## THE DATA
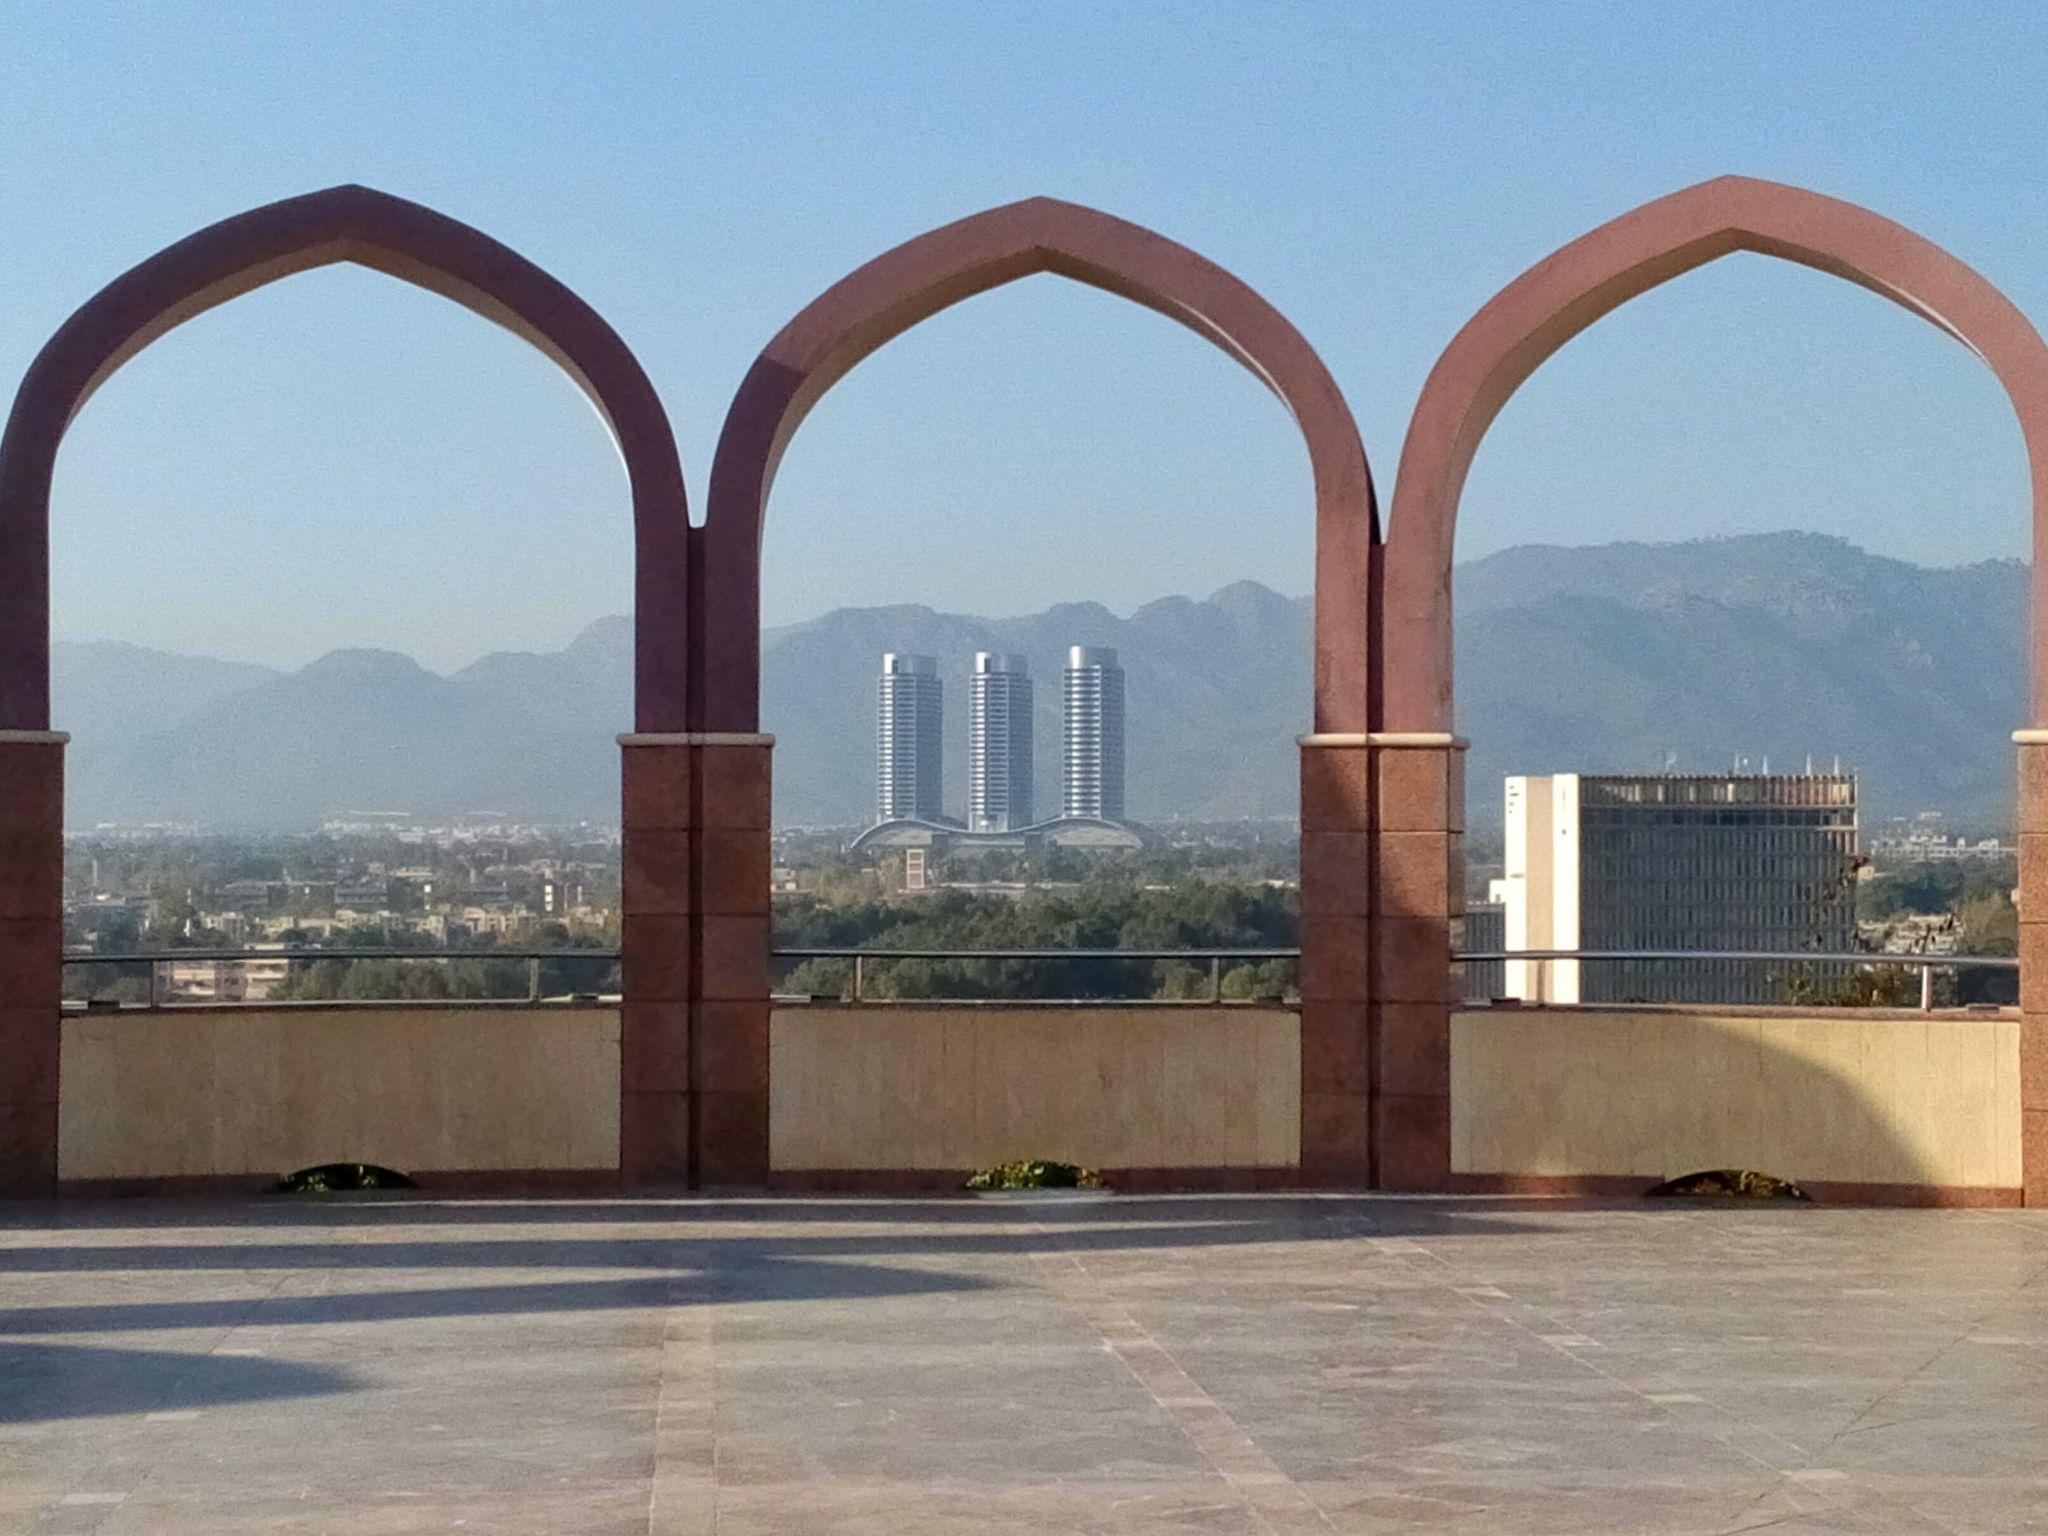 Widok na centrum handlowe Centaurus z pomnika Pakistanu
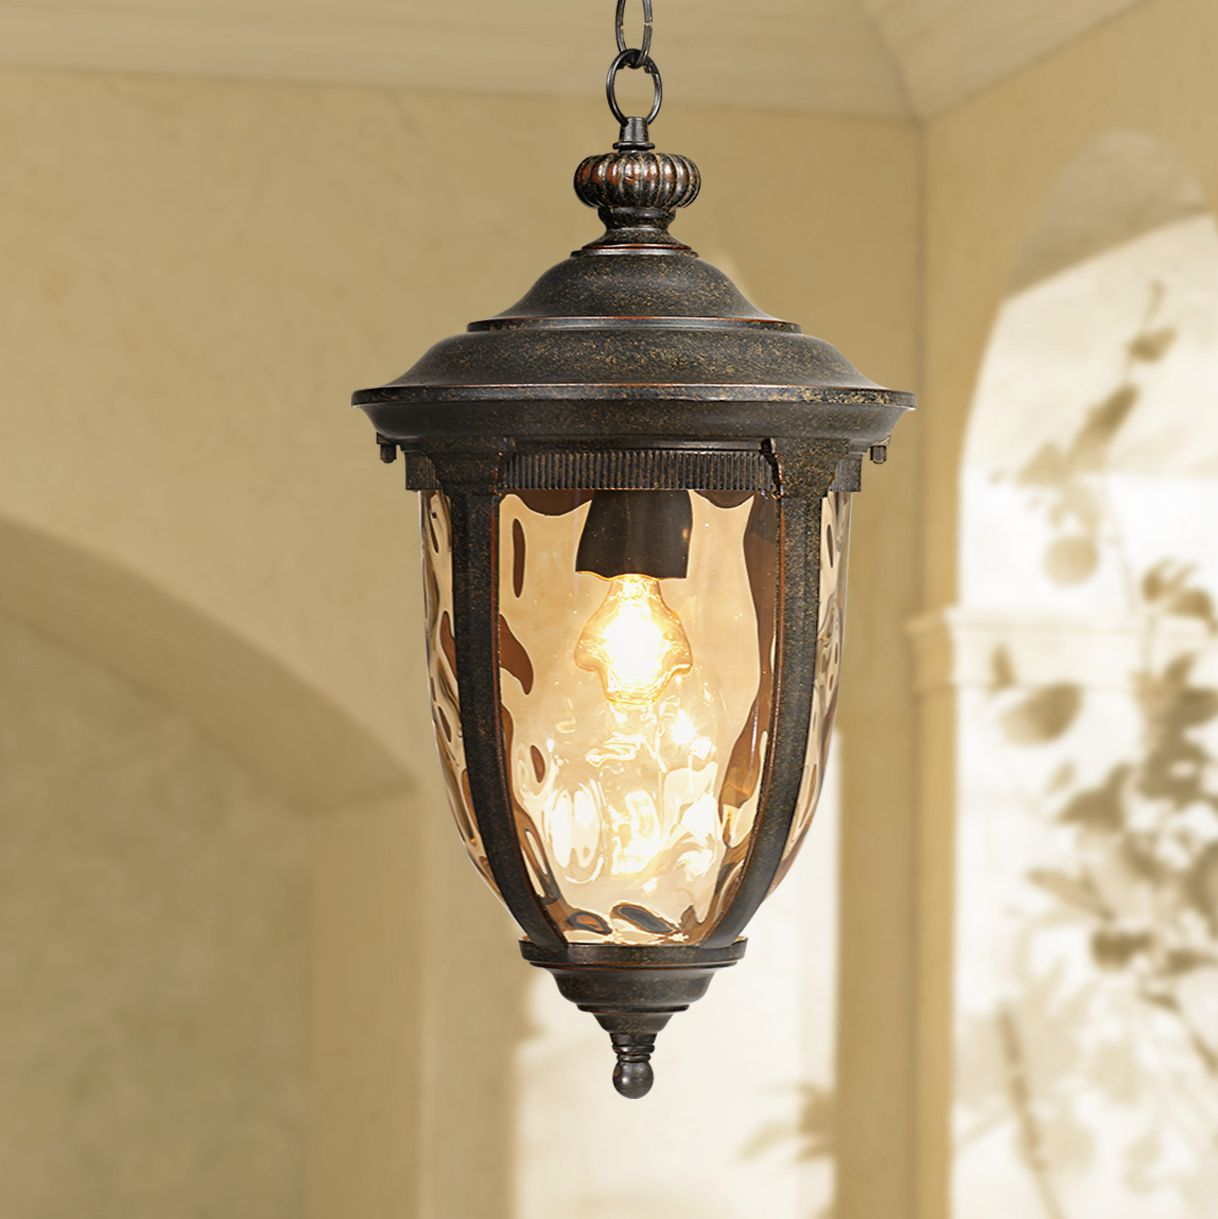 john timberland rustic outdoor ceiling light bronze 18 hammered glass for exterior entryway proch walmart com
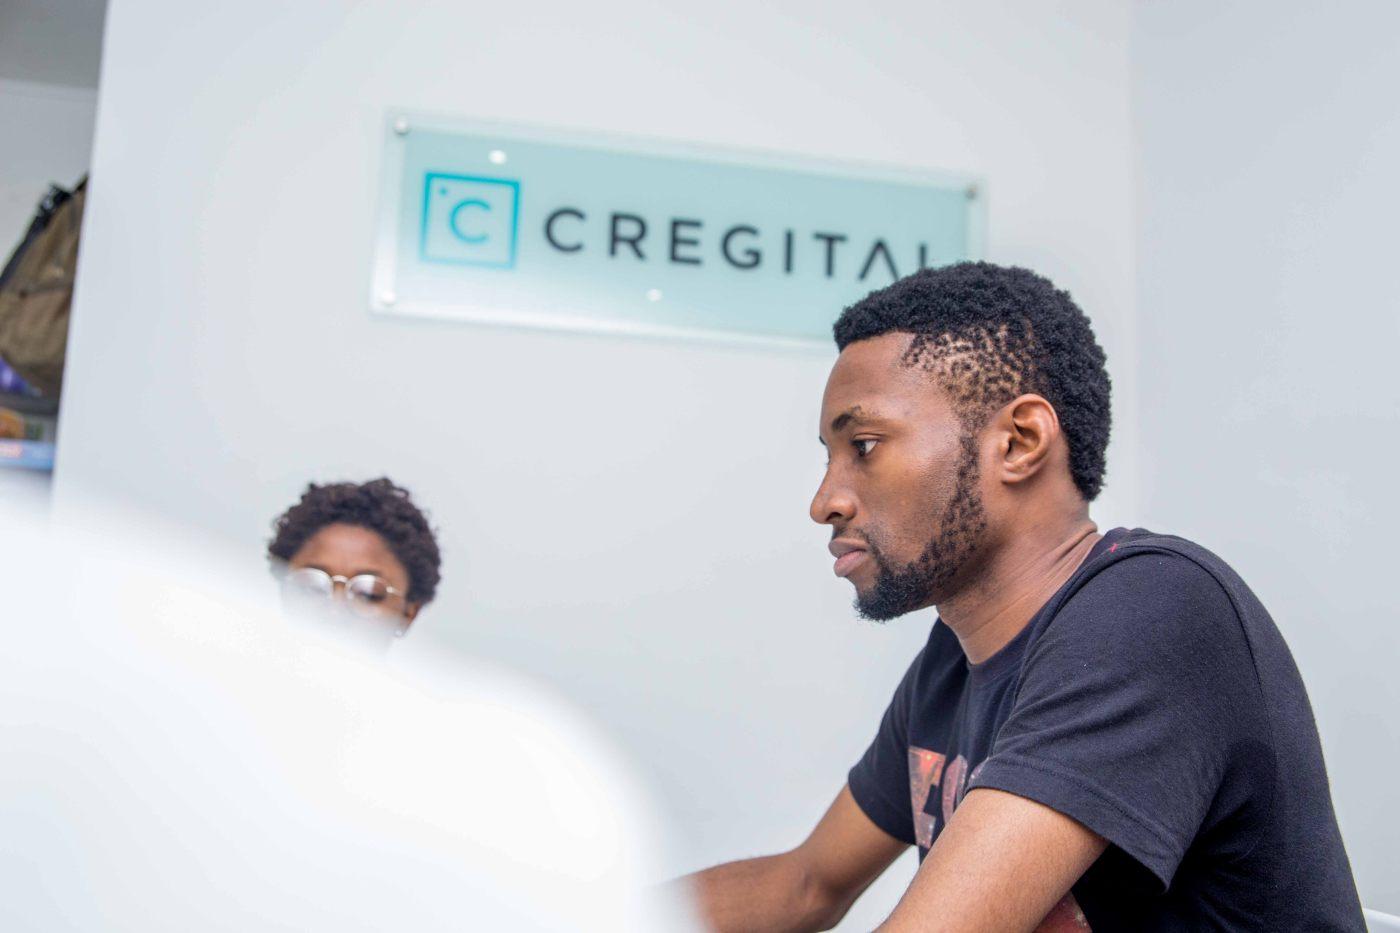 Cregital Design Agency Team 07 Evans Akanno
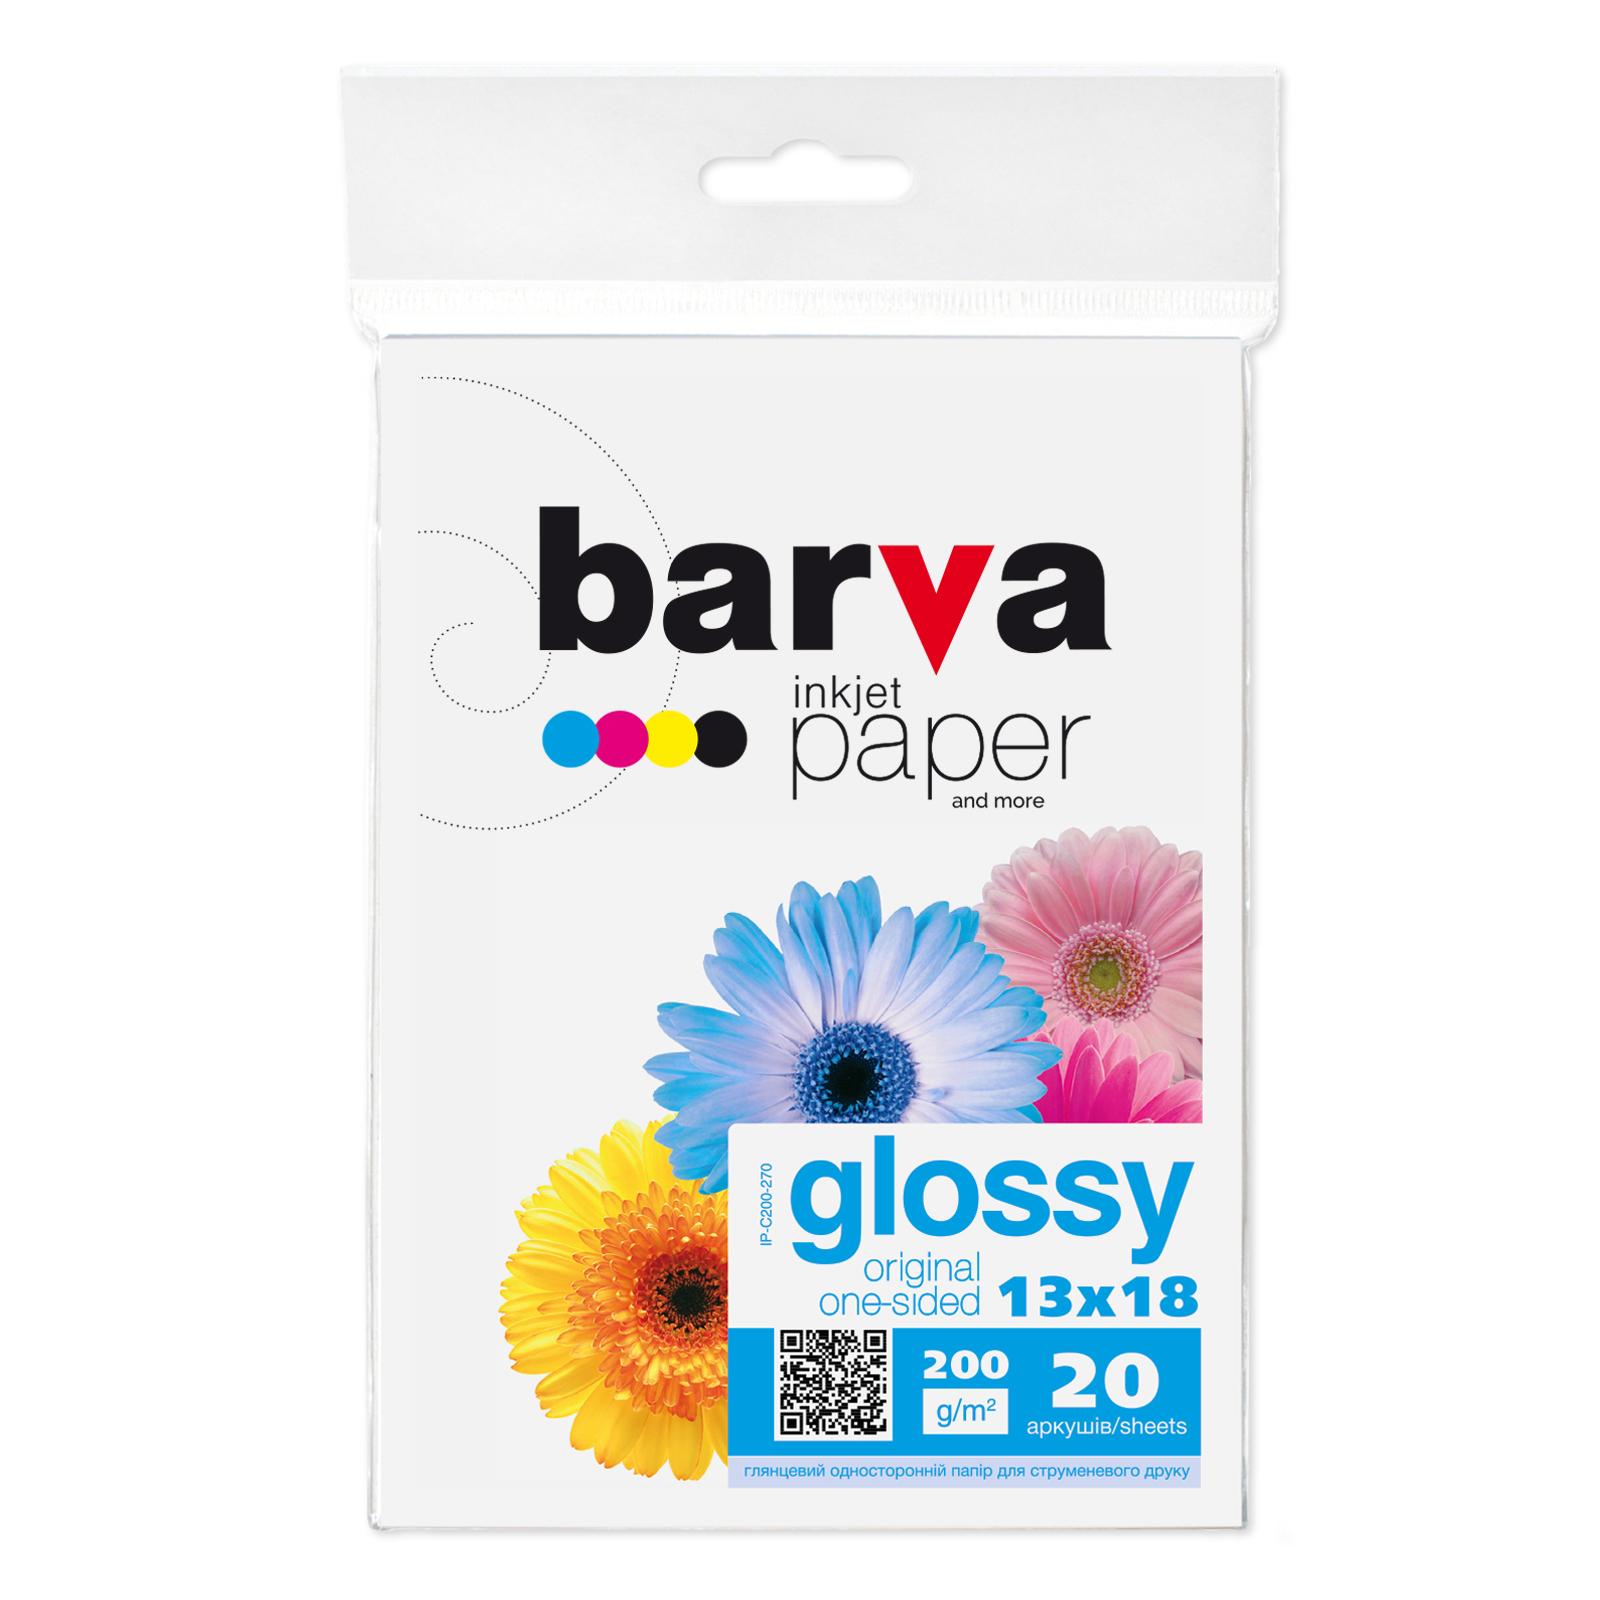 Бумага Barva 13x18, 200g/m2, Original Glossy, 20л (IP-C200-270)

## YOUR OBJECTIVE
Starting at the line that holds "Cregital Design Agency Team 07 Evans Akanno", repeat every line through the end of the listing exactly as written, skipping any picture.

## WORKED SOLUTION
 Cregital Design Agency Team 07 Evans Akanno
 Бумага Barva 13x18, 200g/m2, Original Glossy, 20л (IP-C200-270)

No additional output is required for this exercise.